Meghan Trainor's "Thank You" is her second studio album.

Meghan Trainor's "Thank You" is her second studio album. Credit: Epic


BOTTOM LINE She’s all about a different kind of bass this time, one from the late ’90s.

Meghan Trainor excels at singing about herself.

Her esteem-raising, body-accepting anthem “All About That Bass” was a success on basically every level — topping the charts, landing her critical acclaim and a best new artist Grammy — because she spoke up for herself in her own distinctive voice.

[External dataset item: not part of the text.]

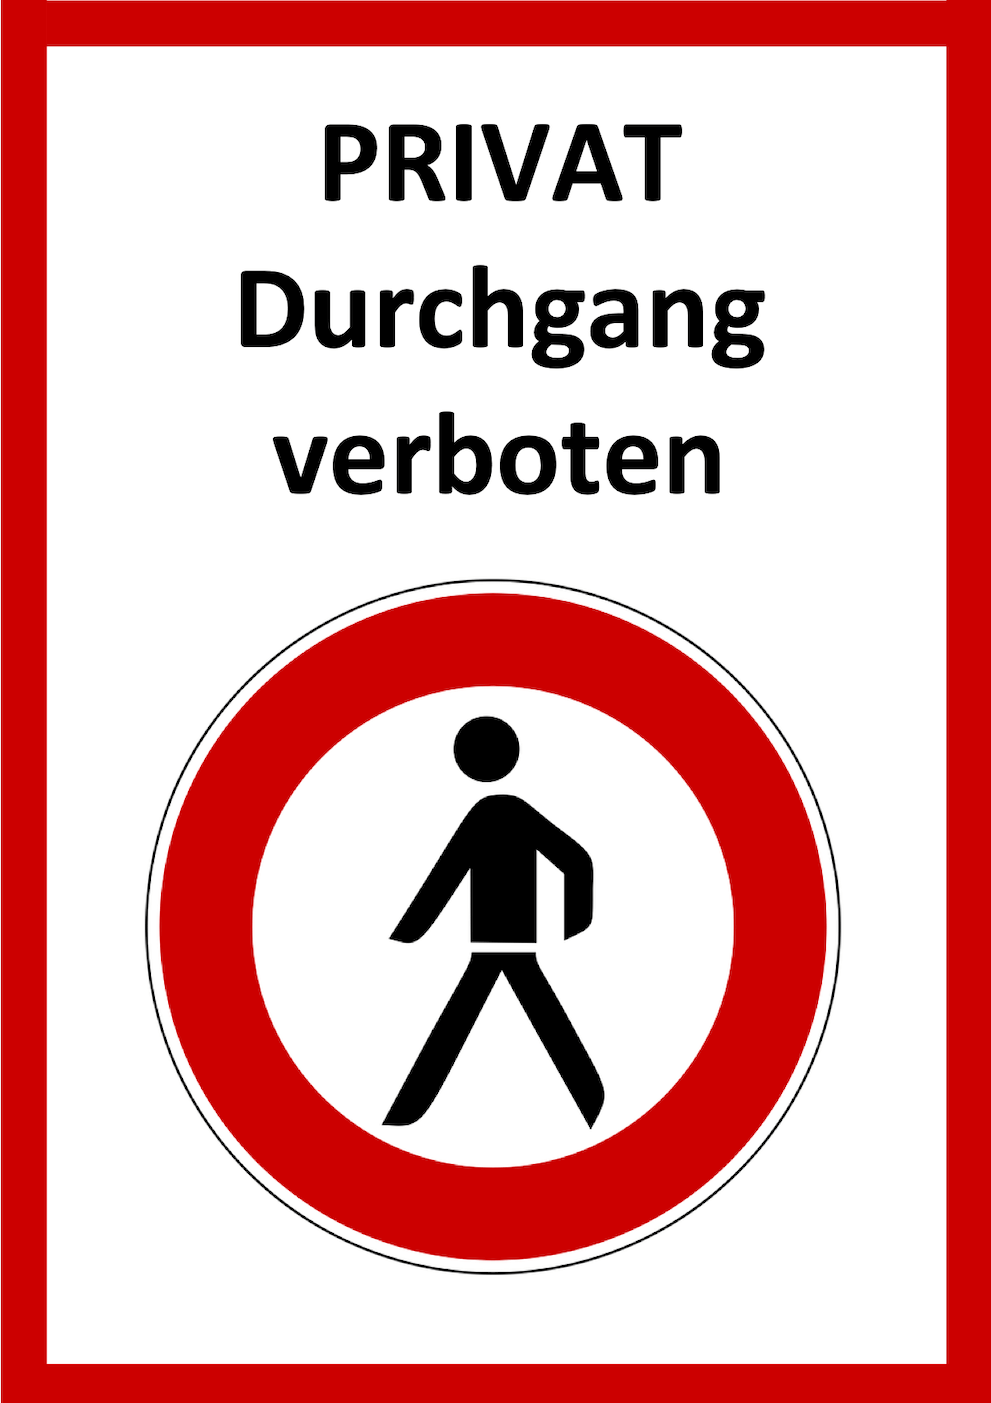 Durchgang verboten Schild
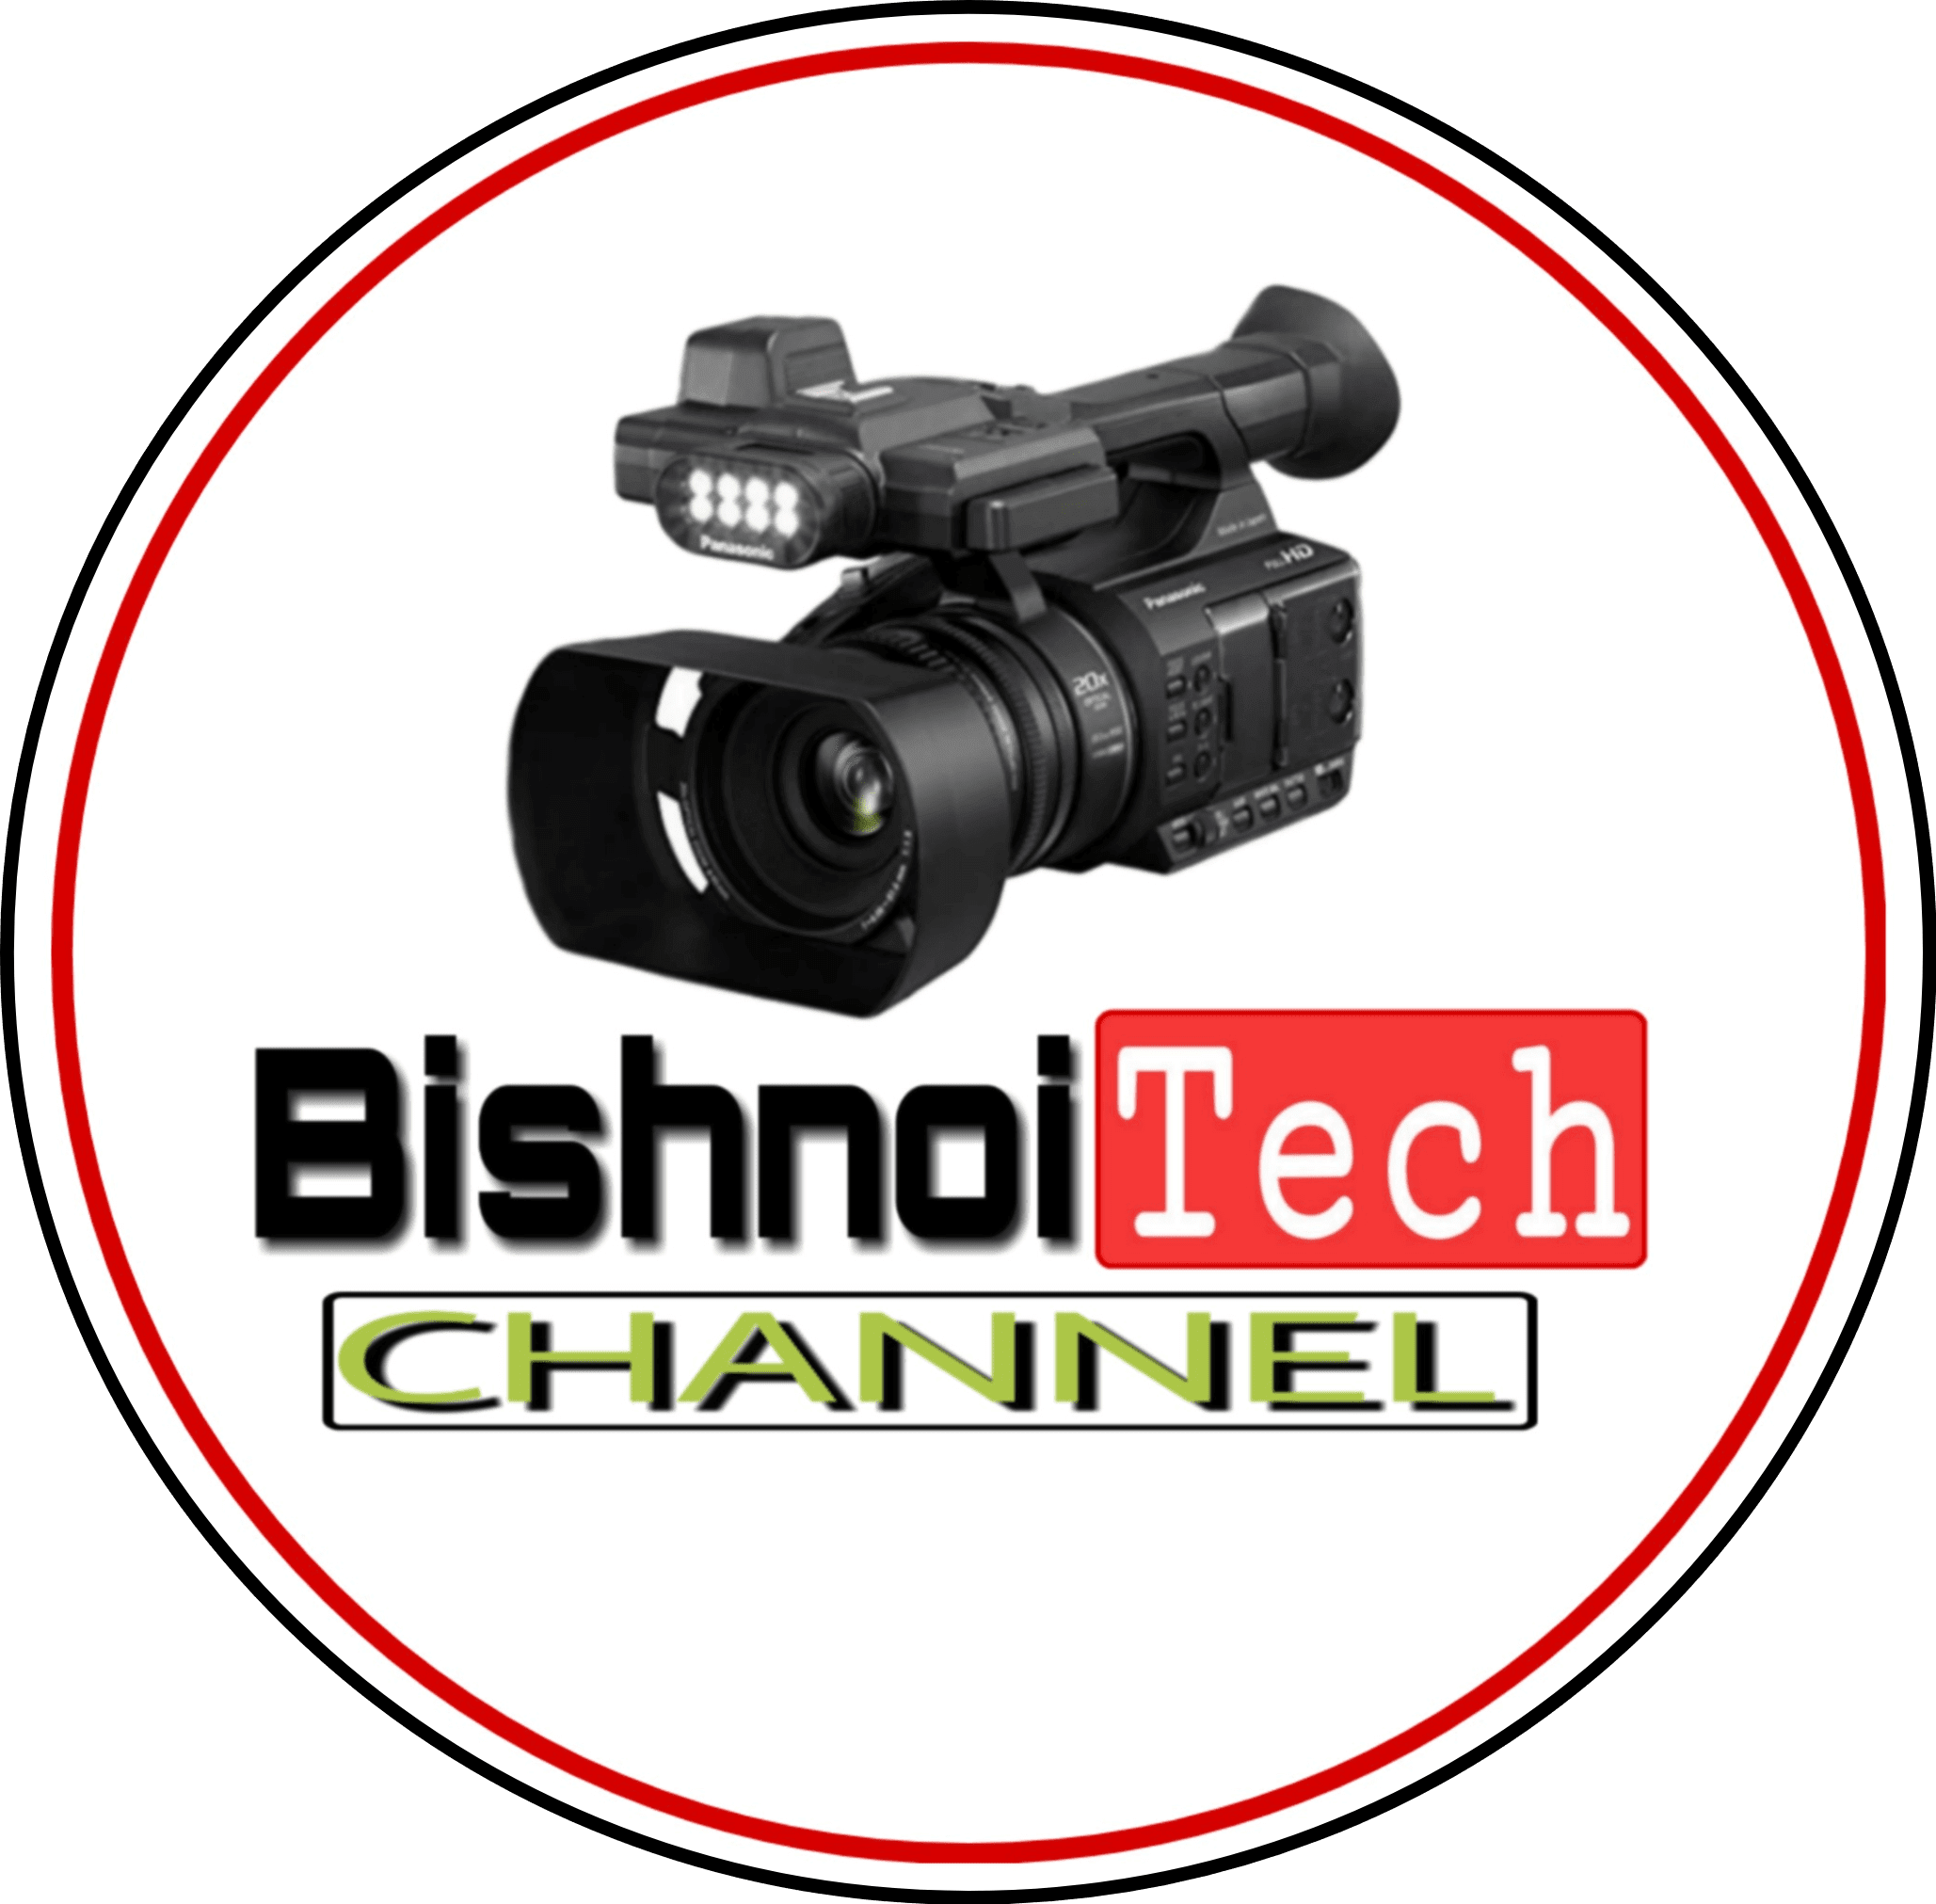 Bishnoi Tech Channel

On her follow-up album “Thank You” (Epic), Trainor again succeeds when she’s discussing life in her own style. The first single, “No,” includes her own twists on the usual club tale, using turn-of-the-century Destiny’s Child styling to build a clever tale of empowerment that is so catchy that it’s tough to shake. On “Me Too,” which came with a bit of a shock when the video was released and Trainor (and her legions of fans) found that the director had Photoshopped her body to be a little less curvy, she rides an elastic bass line like early-Aughts Britney Spears, to offer lines like “I can’t help loving myself and I don’t need nobody else” and “If I was you, I’d want to be me too.”

She stays in a similarly positive mood on the catchy “Woman Up,” which combines advice with a retro-Rihanna vibe that works extremely well. She’s equally successful on the sweet, simple ballad “Just a Friend to You.”

Where Trainor comes up short, though, is when her bubbly approach feels like a put-on, the way her hit “Dear Future Husband” seemed slightly off. “Champagne Problems” is a little too cute for its own good as she worries about her Uber being late, faulty Wi-Fi and iPhone battery life. And “I Love Me” is packed with too many cliches and too much padding to be effective.

“Thank You” shows how Trainor has become one of pop’s most skilled young stars at crafting songs for her image, but there is still room to grow.